Madigan, ComEd face racketeering suit for over $450 million in ratepayer damages

Madigan, ComEd face racketeering suit for over $450 million in ratepayer damages

Six House Democrats have called for the longtime speaker to step down.

Illinois House Speaker Michael Madigan and Commonwealth Edison are accused of racketeering in a civil lawsuit seeking at least $450 million in damages for utility customers.

The lawsuit filed Aug. 10 stems from the prosecution agreement ComEd signed that outlines $1.3 million in contracts and bribes to Madigan cronies intended to curry his support for legislative benefits worth at least $150 million. That $150 million in “ill-gotten gains” to which ComEd admitted plus at least $300 million in damages allowed under the Racketeer Influenced and Corrupt Organizations Act should be paid to ratepayers, lawyers argue.

The lawsuit also seeks to curb Madigan’s power to legislate utility issues or shape politics.

“We filed our civil RICO case now to protect Illinois ratepayers from further damage by Michael Madigan – in both his capacity as Speaker and as Chair of the Democratic Party of Illinois – and also to get our clients back the damages they have suffered from ComEd’s and Madigan’s bribery scheme,” attorney Stuart Chanen, a former federal prosecutor, told The Center Square.

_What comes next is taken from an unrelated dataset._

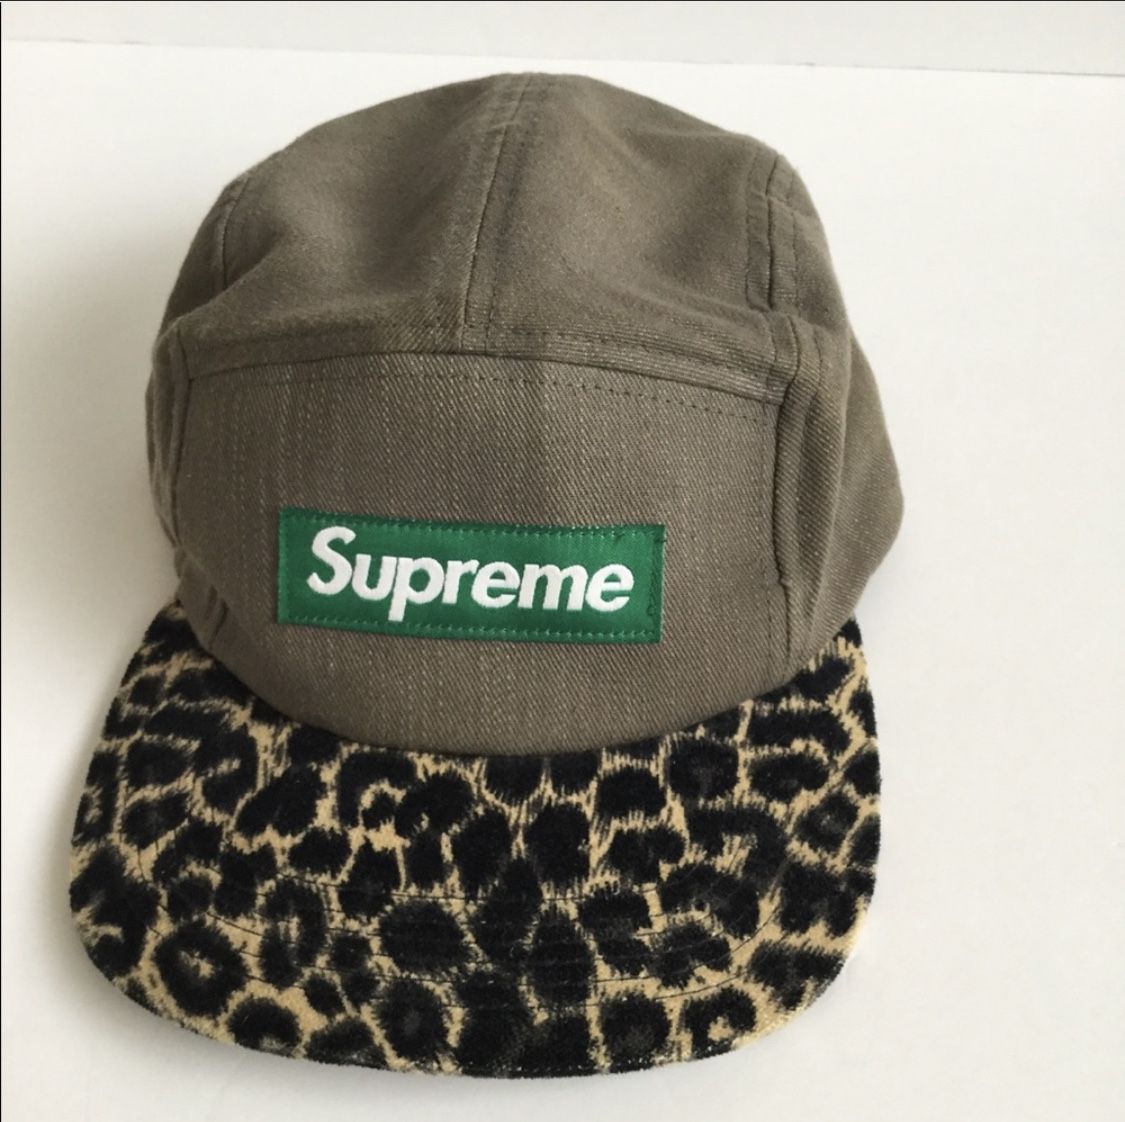 Supreme safari camp hat leopard print

Attorneys are seeking class-action status in U.S. District Court for the Northern District, Eastern Division. The civil suit is the third since the ComEd prosecution agreement was filed July 17.

“We apologize for the past conduct that did not live up to our values and have made significant improvements to our compliance practices to ensure that nothing like it ever happens again,” ComEd spokesman Paul Elsberg told the Chicago Tribune after an earlier lawsuit was filed. “The improper conduct described in the deferred prosecution agreement, however, does not mean that consumers were harmed by the legislation that was passed in Illinois.”

The prosecution agreement includes ComEd’s promise to cooperate with federal prosecutors and pay a $200 million penalty. It involves regulations in the Illinois House starting in 2011, but Elsberg said reliability is up and rates are down now as a result of state lawmakers’ actions.

Madigan has not been charged with a crime. He has refused to resign from his leadership roles despite calls from nine Democratic state lawmakers and over 50 other Democratic leaders, including two former gubernatorial candidates.

Some of those Democratic lawmakers have pushed for Madigan’s ouster because they fear he will damage efforts to pass their “fair tax” on Nov. 3. That fear is warranted.

Federal corruption probes have targeted or resulted in charges against five of the state lawmakers responsible for pushing the hike in state income taxes. The referendum asks voters to abandon the Illinois Constitution’s flat tax protection and entrust state lawmakers with greater power to decide who is taxed by how much, including taxes on retirees, a marriage penalty and taxes up to 47% higher on the small businesses that create most of Illinois’ jobs.

With Illinois Gov. J.B. Pritzker also facing a federal probe of an attempt to dodge $331,000 in property taxes, voters’ ability to trust state leaders with more power over their taxes may be too low for Pritzker to buy back – even with a $56.5 million persuasion campaign.